# first trout!



## smooth move (Sep 25, 2012)

grand daughter brought her boyfriend over for some fishing during spring break. he'd never caught a trout. his first was a 27.5 in pig. she's been fishing her entire life and doesn't have one that big. i think she was a little jealous. i bet i see more of them this summer.


----------



## Kevin B (Dec 3, 2012)

Nice fish, congrats to him.

Kevin


----------



## DAWGONIT (Jan 16, 2009)

Very nice dragon for his first one.
thanks for sharing & catch 'em up.


----------



## panhandleslim (Jan 11, 2013)

*Trout Weight*

That's a beauty.
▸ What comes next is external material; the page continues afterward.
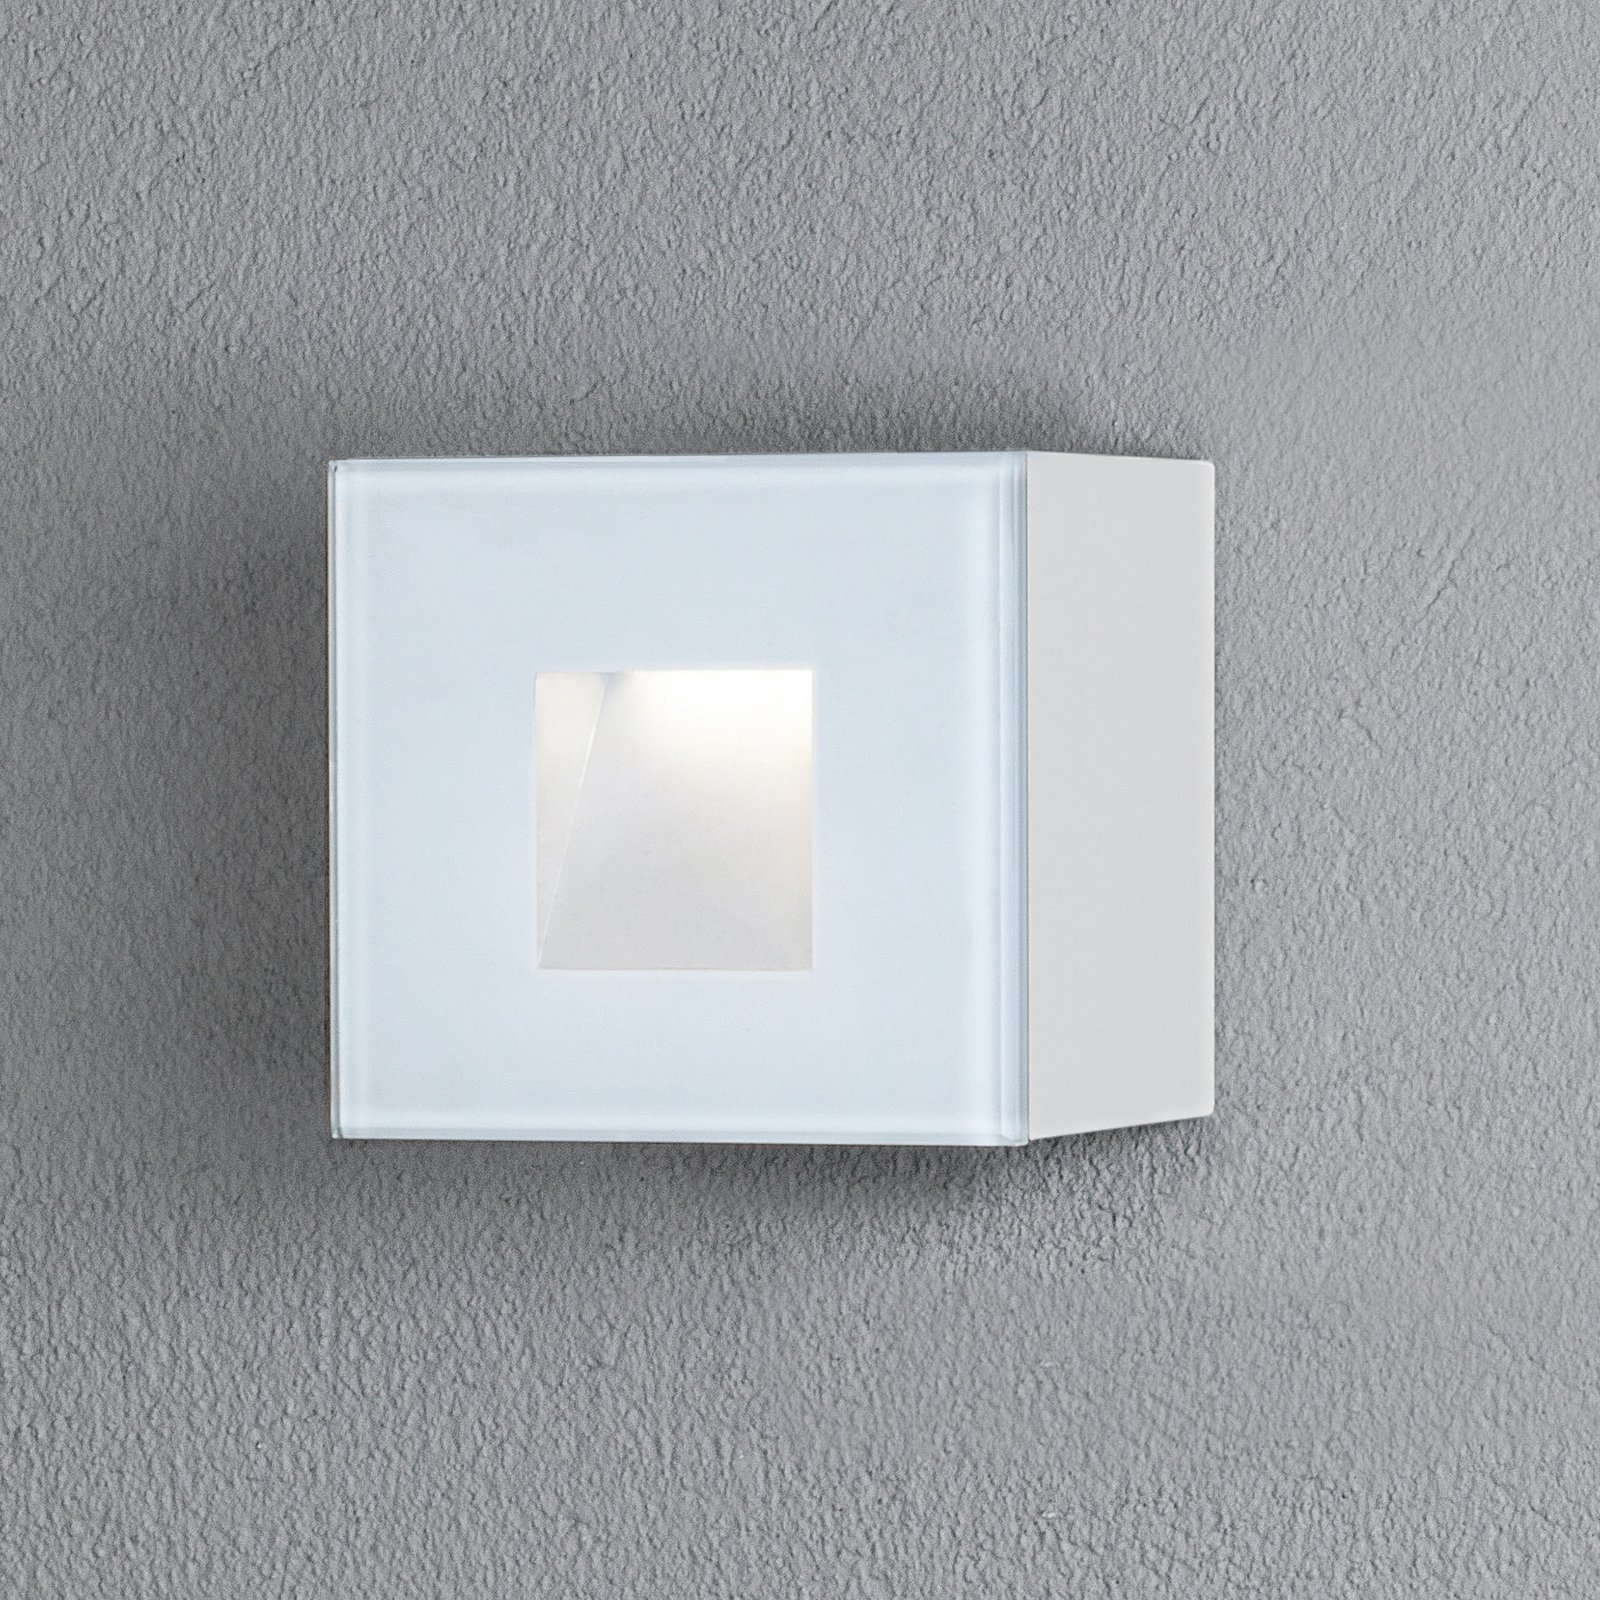 LED buiten wandlamp Chieri, 8 x 8 cm, wit

How much did that thing weigh?


----------



## Spoolin Up (May 3, 2011)

hit a home run his first swing


----------



## Spoolin Up (May 3, 2011)

location? was this today?


----------



## smooth move (Sep 25, 2012)

Bigdaddy's said:


> location? was this today?


west galveston bay, friday morning. we didn't weigh it, i'd guess 6 1/2- 7 #. normally we'd release it, we did release another 27 and a 26, but being his first trout, i just couldn't ask him to let it go.


----------



## Txfire409 (Jan 20, 2013)

very nice trout. good luck to him on doing it again.


----------



## smooth move (Sep 25, 2012)

note: Brandon's next trip was to reality----a skunk.


----------